Araştırmacılar bu amaçla şehir ve taşradaki 9 bölgede, 18-49 yaş arası erkeklerden 2011 Ocak ayı ve 2012 Aralık ayı arasında anketler yaparak demografik bilgiler topluyorlar.

Sonrasında bu erkek katılımcılarla yapılan tüm görüşmeler, eğitimli erkek görüşmeciler tarafından yüz yüze ve katılımcıların ana dillerinde gerçekleştiriliyor. Görüşmeciler, katılımcıların inkâr etmesini ve soruları cevapsız bırakmasını önlemek amacıyla “tecavüz” kelimesini açık olarak asla kullanmıyorlar. Katılımcılara bir erkek ya da kadınla baskı altında, hiç bir şey hatırlamayacak kadar alkollüyken ya da uyuşturucu kullanmışken; yani kendi istekleri dışında cinsel ilişkiye girip girmedikleri de soruluyor.

Daha önce yapılmış olan araştırmalar, 15-49 yaş arası kadınların, %20’den %68’lere kadar olan bir kısmının, partnerinden fiziksel ya da cinsel şiddet gördüğünü gösteriyor.

Her 4 erkekten 1’i Tecavüze Yelteniyor!

Demografik bilgileri incelendiğinde, partnerinden şiddet gören kadınların genç yaşta, eğitimsiz, çocukluğu zor koşullar altında geçmiş, alkol kullanan, şiddeti kabullenmiş, ebeveynleri arasında eğitim seviyesi konusunda fark olan ve evliliklerinde şiddetli geçimsizlik yaşayan bireyler olduğu görülüyor.
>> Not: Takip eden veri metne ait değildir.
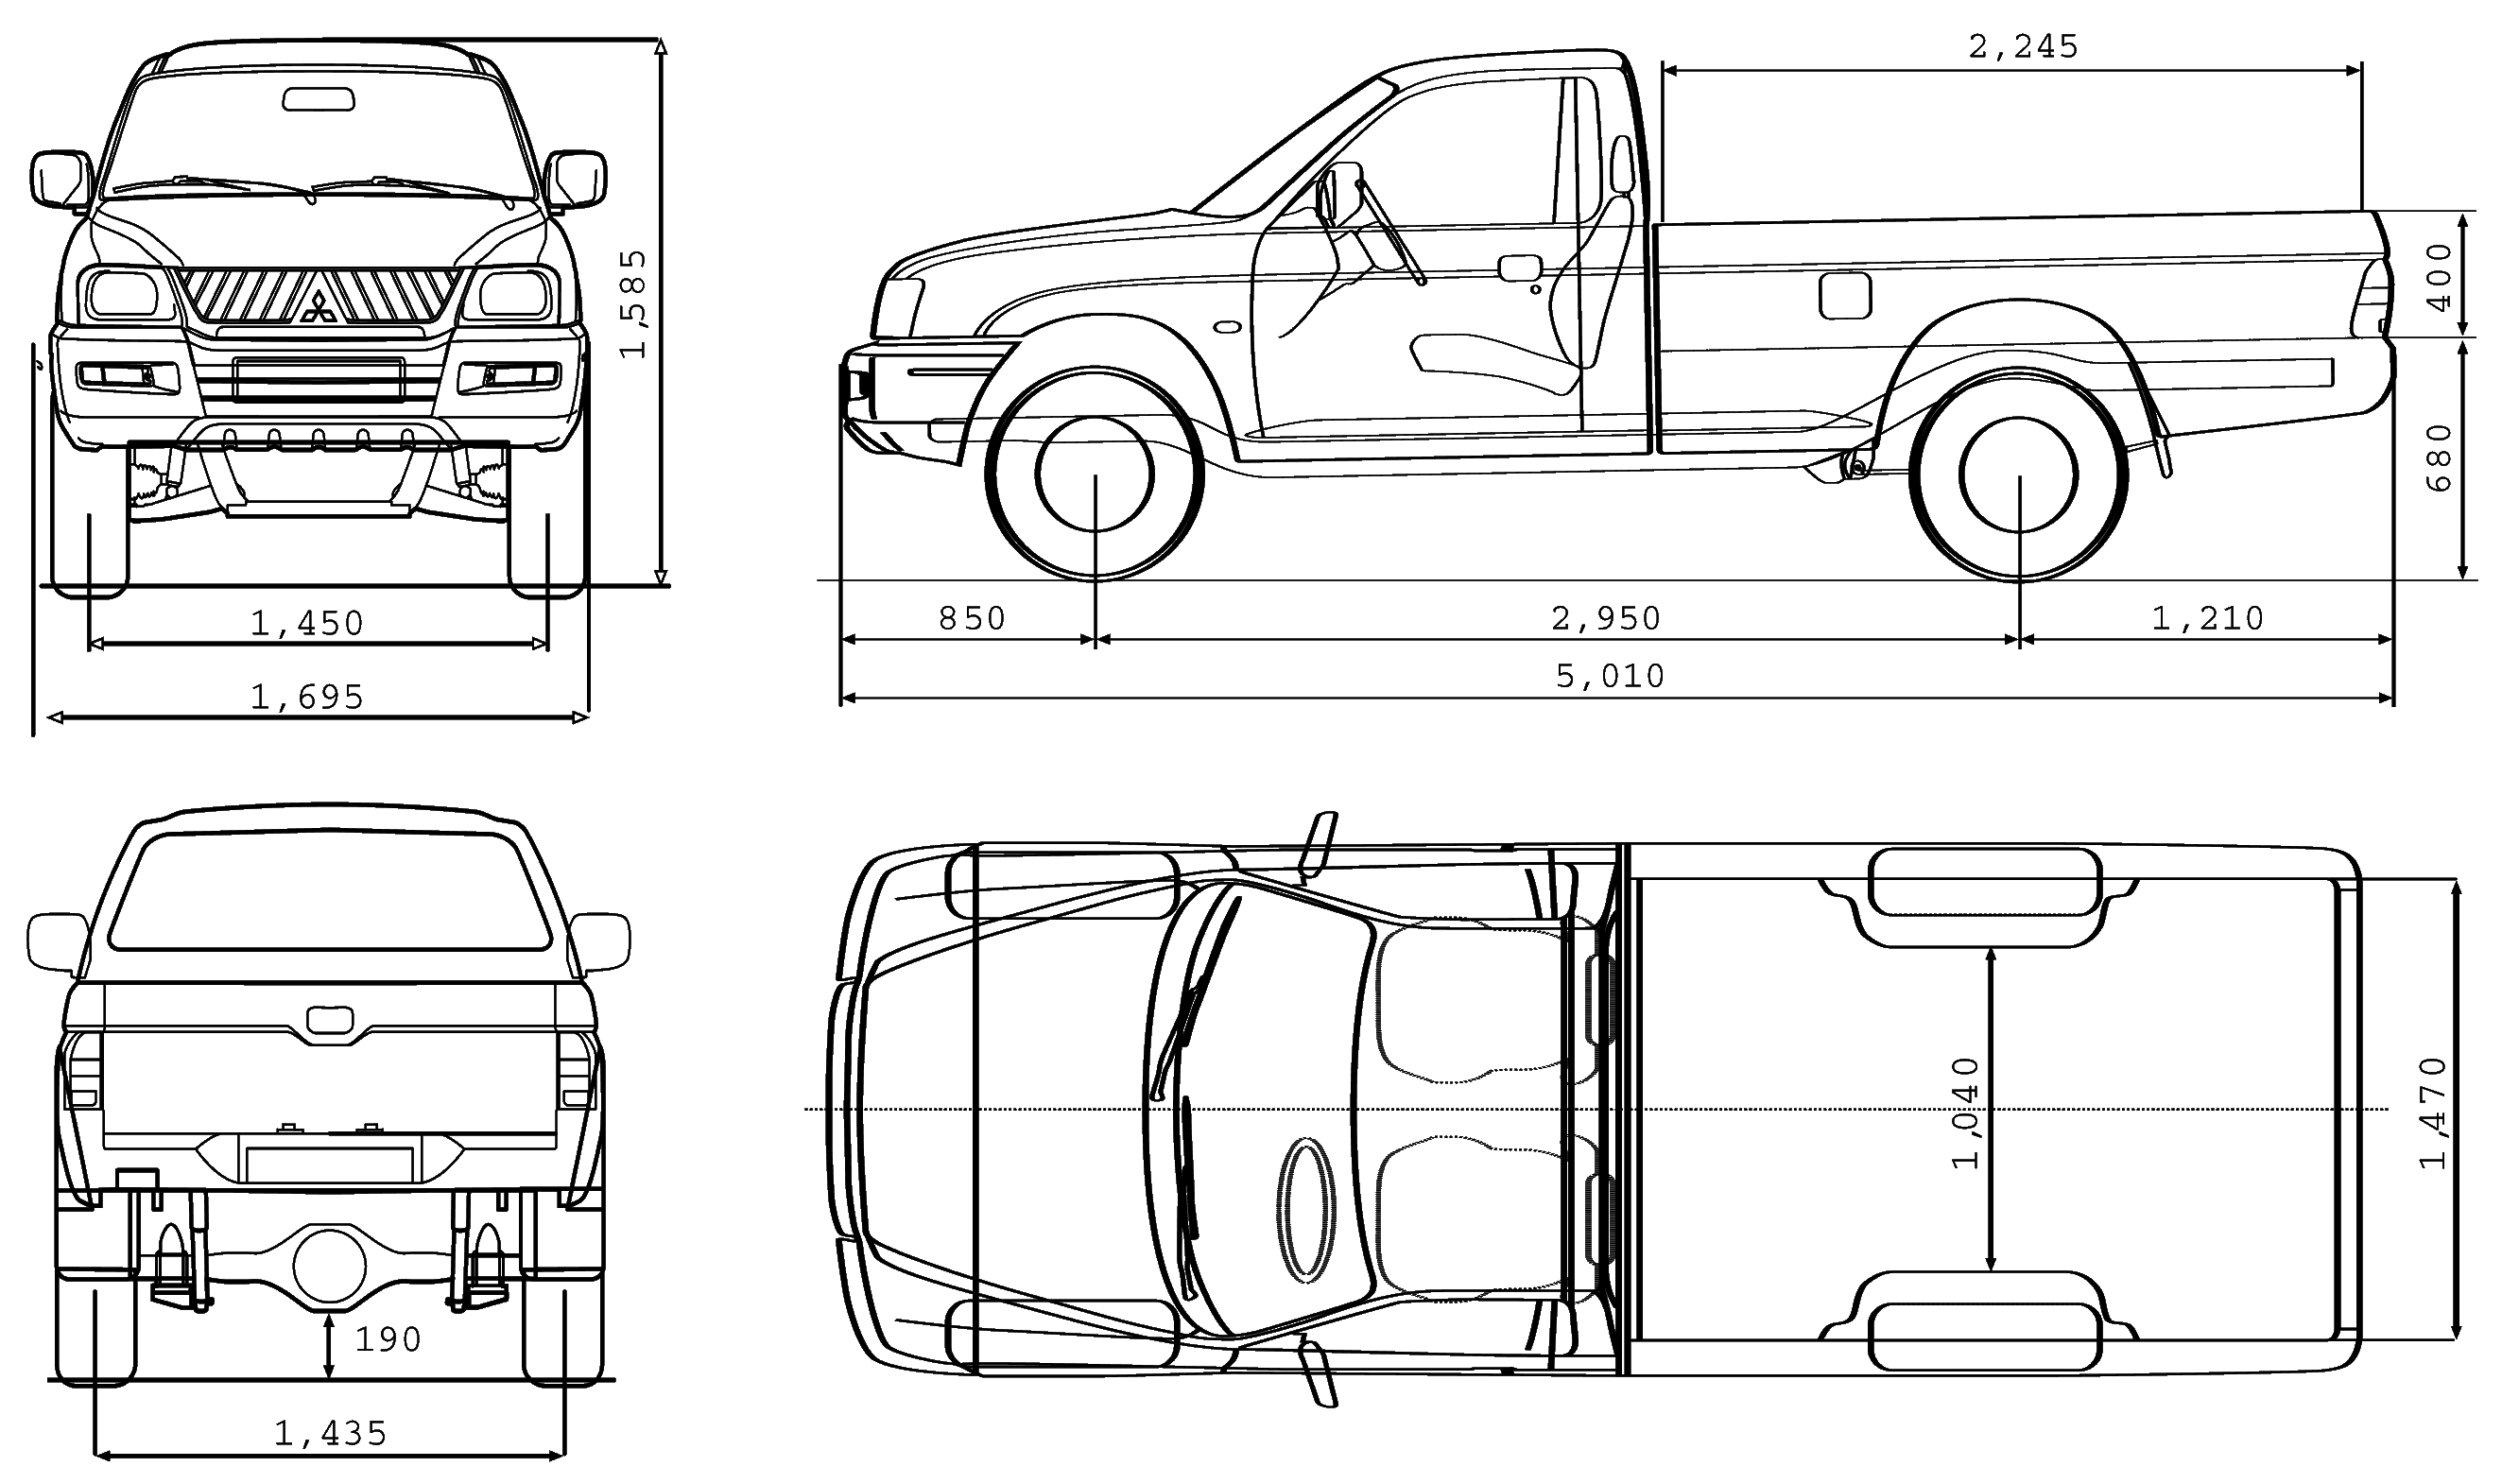 2007 Mitsubishi L200 Single Cab Pickup Truck blueprints

Şu ana kadar yapılmış olan toplumsal araştırmalarda; Breazilya’daki erkeklerin %24’ünün, Güney Afrika’daki erkeklerin ise %42’sinin partnerlerine şiddet uyguladıklarını gösteriyor. Asya-Pasifik Bölgesi’ne baktığımızda ise, Kuzey Hindistan’da evli erkeklerin %46’sının; Bangladeş’te ise 3 erkekten 1’inin eşine fiziksel ya da cinsel şiddet, ya da her ikisini birden uyguladığını görüyoruz.

Kimlik bilgileri gizli tutularak görüşülen erkeklerin %24’ünün, hayatlarında en az bir kez eşlerini ya da partnerlerini cinsel ilişkiye zorladıkları da ortaya çıkan sonuçlar arasında. Araştırmaya katılan erkeklerden yalnızca %11’i, hiç tanımadıkları ve partnerleri olmayan kadınlara cinsel istismarda bulunduklarını itiraf ediyor. Yani; erkeklerin kendi eşlerine, kız arkadaşlarına, yani tanıdıkları kadınlara tecavüz etme oranları; hiç tanımadıkları ya da ilişkilerinin bulunmadığı kadınlarla zorla ilişkiye grime oranlarından daha yüksek.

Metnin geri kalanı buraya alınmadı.